We will be using a dataset that can be obtained directly from the torchvision package. There are 10 classes and we will be training a CNN for the image classification task. We have training, validation and test sets that are labelled with the class, and a large unlabeled set.

We will simulating a low training data scenario by only sampling a small percentage of the labelled data (10%) as training data. The remaining examples will be used as the validation set.

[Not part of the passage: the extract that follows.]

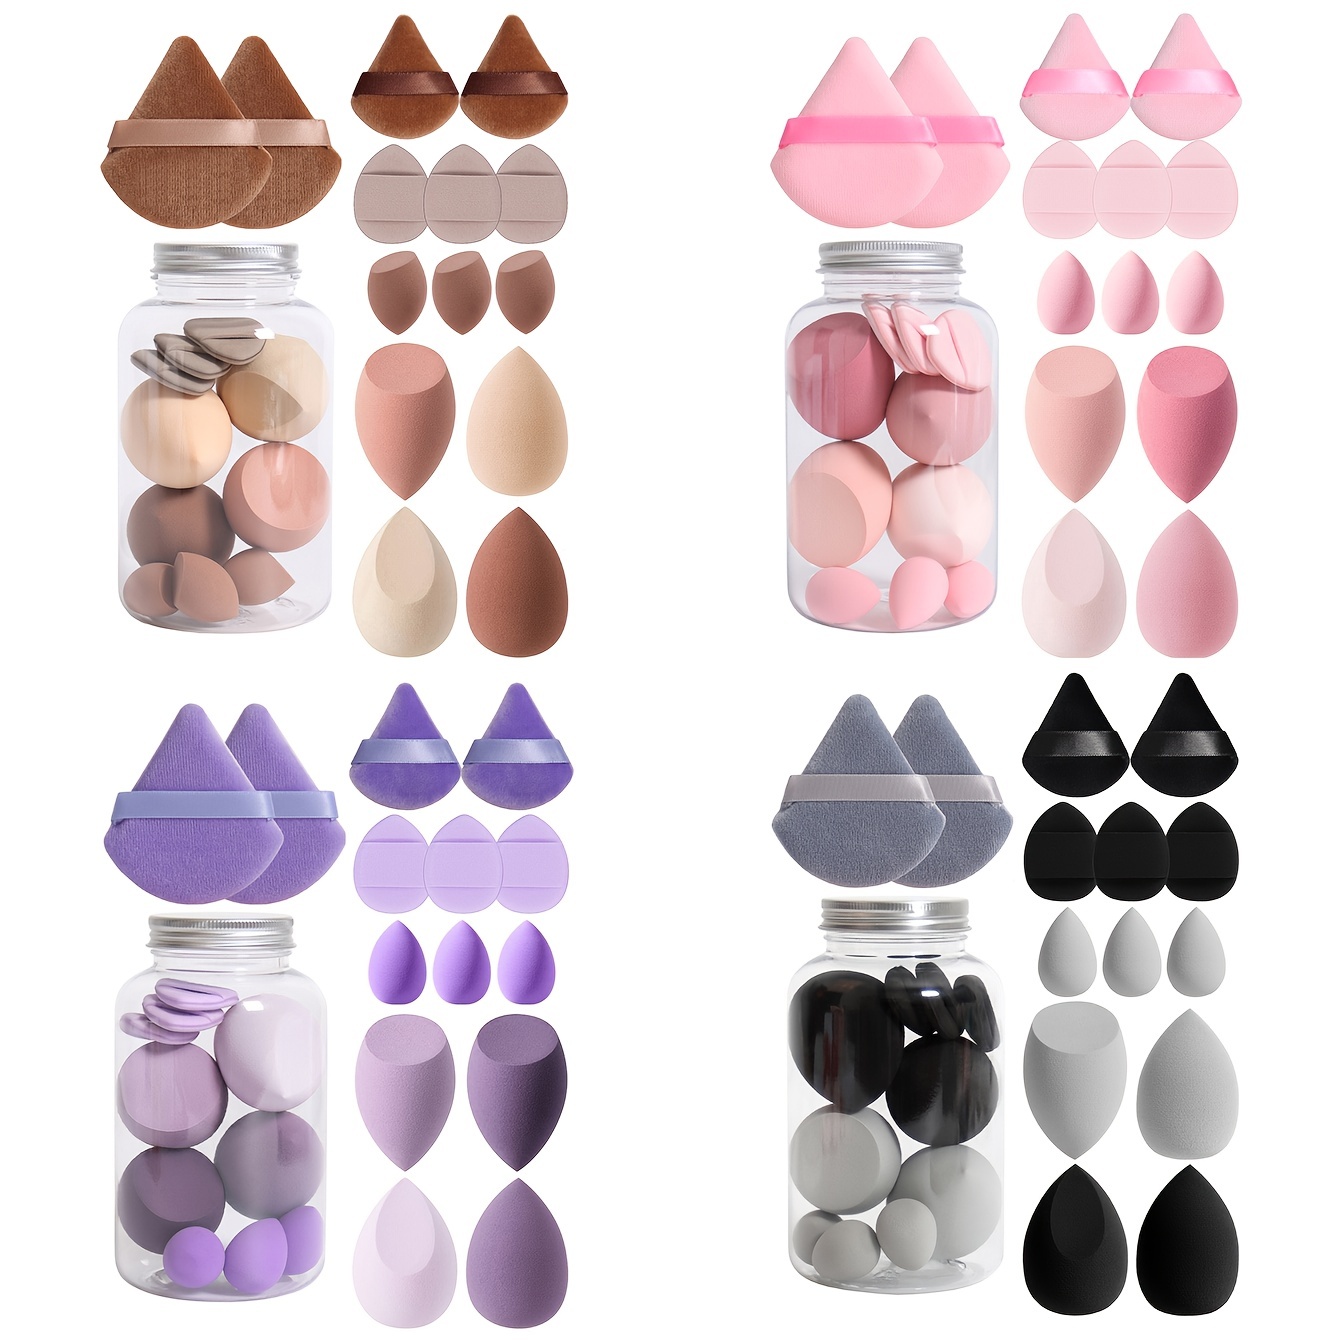 

14pc Makeup Sponge Set With Storage Jar, Velvet Beauty Blenders, Latex-free, Makeup Sponge Finger Puff, Dual-use Wet & Dry Foundation Cosmetic Puffs, For All Skin Types

To get the labelled data, change the dataset_dir to something suitable for your machine, and execute the following (you will then probably want to wrap the dataset objects in a PyTorch DataLoader):

In [79]:
import torch
import torch.nn as nn
from torchvision.datasets import STL10 as STL10
import torchvision.transforms as transforms
from torch.utils.data import random_split
from torch.utils.data import DataLoader
import torchvision

####### CHANGE TO APPROPRIATE DIRECTORY TO STORE DATASET
dataset_dir = r"\\ad.monash.edu\home\User030\rbea0007\Documents\ECE6179\VS Code\Course Project"
#For MonARCH
# dataset_dir = "/mnt/lustre/projects/ds19/SHARED"

#All images are 3x96x96
image_size = 96
#Example batch size
batch_size = 32

# Define the device
device = torch.device("cuda" if torch.cuda.is_available() else "cpu")
print(f"Using device: {device}")
print(torch.cuda.is_available())  # Should return True

Using device: cuda
True


<h3>Create the appropriate transforms</h3>

In [70]:
#Perform random crops and mirroring for data augmentation
transform_train = transforms.Compose(
    [transforms.RandomCrop(image_size, padding=4),
     transforms.RandomHorizontalFlip(p=0.5),
     transforms.ToTensor(),
     transforms.Normalize((0.5, 0.5, 0.5), (0.5, 0.5, 0.5))])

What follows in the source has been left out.